В его глазах читалось возмущение.
— Черт возьми, Бетани. Кто, в конце концов, воспитывает мальчика?
— Ты и я. Но надо же понимать — Дориан опекун Генри…
— И может дать ему то, чего не могу я?
Бетани поморщилась.
— Я этого не говорила.
— Но постоянно демонстрируешь во время прогулок по городу, обряжая его в бархатный английский костюмчик, купленный у английских спекулянтов, с восторгом рассказываешь мисс Абигайль об оловянных солдатиках, подаренных ему Дорианом. Он наверняка уже сообщил мальчику, что его отец нищий?
Бетани рассердилась.
— Ты все потерял, Эштон, став мятежником.
— Не серди меня, Бетани.
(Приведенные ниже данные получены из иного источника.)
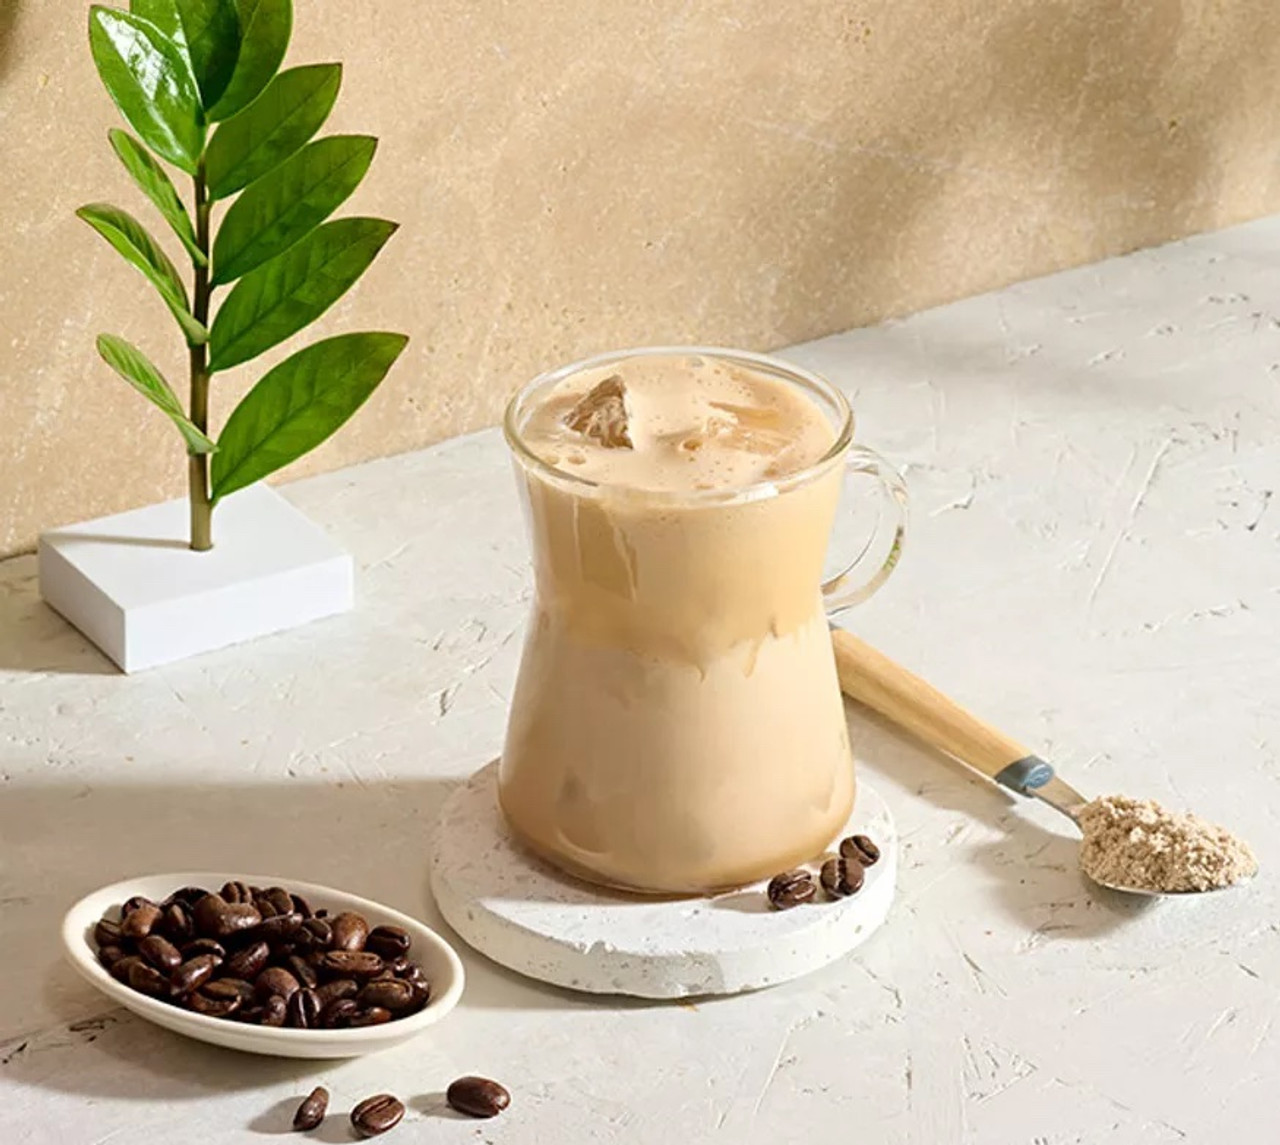 https://cdn11.bigcommerce.com/s-yyr3tzu8q0/images/stencil/1280x1280/products/167/829/pp-high-protein-iced-coffe-latte-macchiato-one__06219.1703928708.jpg?c=2?imbypass=on

Уверен, тебе хотелось бы забыть, что ты моя жена, а Генри — сын, и у меня есть полное право забрать его, когда захочу.
— Тебе, может быть, безразлична моя судьба, Эштон, но не говори, что желаешь Генри жить в бедности.
Он смерил ее с головы до ног долгим, изучающим взглядом. Бетани опустила глаза, увидев, как сжимаются и разжимаются его кулаки.
— Не серди меня, Бетани, — и, резко повернувшись, ушел. Она смотрела ему вслед, поглаживая яблоко, к своему удивлению, совсем не рассердившись, а продолжая глядеть на удалявшуюся высокую фигуру, пока не мелькнула совсем нелепая мысль.
«О Боже, я все еще его люблю».
Глава 19
Лето 1777 года заканчивалось на грустной и томительной ноте: опадавшие листья шиповника уносились ветром по неспокойным военным полям, сиротливые, голые плоды красовались последние дни — до осенних холодов и дождей; все больше людей покидало оккупированный остров Эквиднек, но некоторые возвращались назад. Племянник Гуди Хаас, Питер, оправившийся после первого ранения, снова записался в армию и теперь вернулся домой во второй раз, но уже без ноги; из его мрачных рассказов люди узнали, что англичане разбили патриотов в сражении на Брэндиуайне, конгресс покинул Филадельфию, Йорк, город на юге штата Пенсильвания, стал временной и неспокойной столицей Соединенных Штатов.
Но в октябре патриоты несколько приободрились. Запыхавшийся Джимми Милликен ворвался в класс, где Бетани проводила урок, и, торопясь передать своим товарищам важное сообщение, вручил ей смятую газету.
— Эту газету привез мой дядя Тэд из самого Нью-Йорка — мы победили «красные мундиры»! И погнали до самого Гудзона!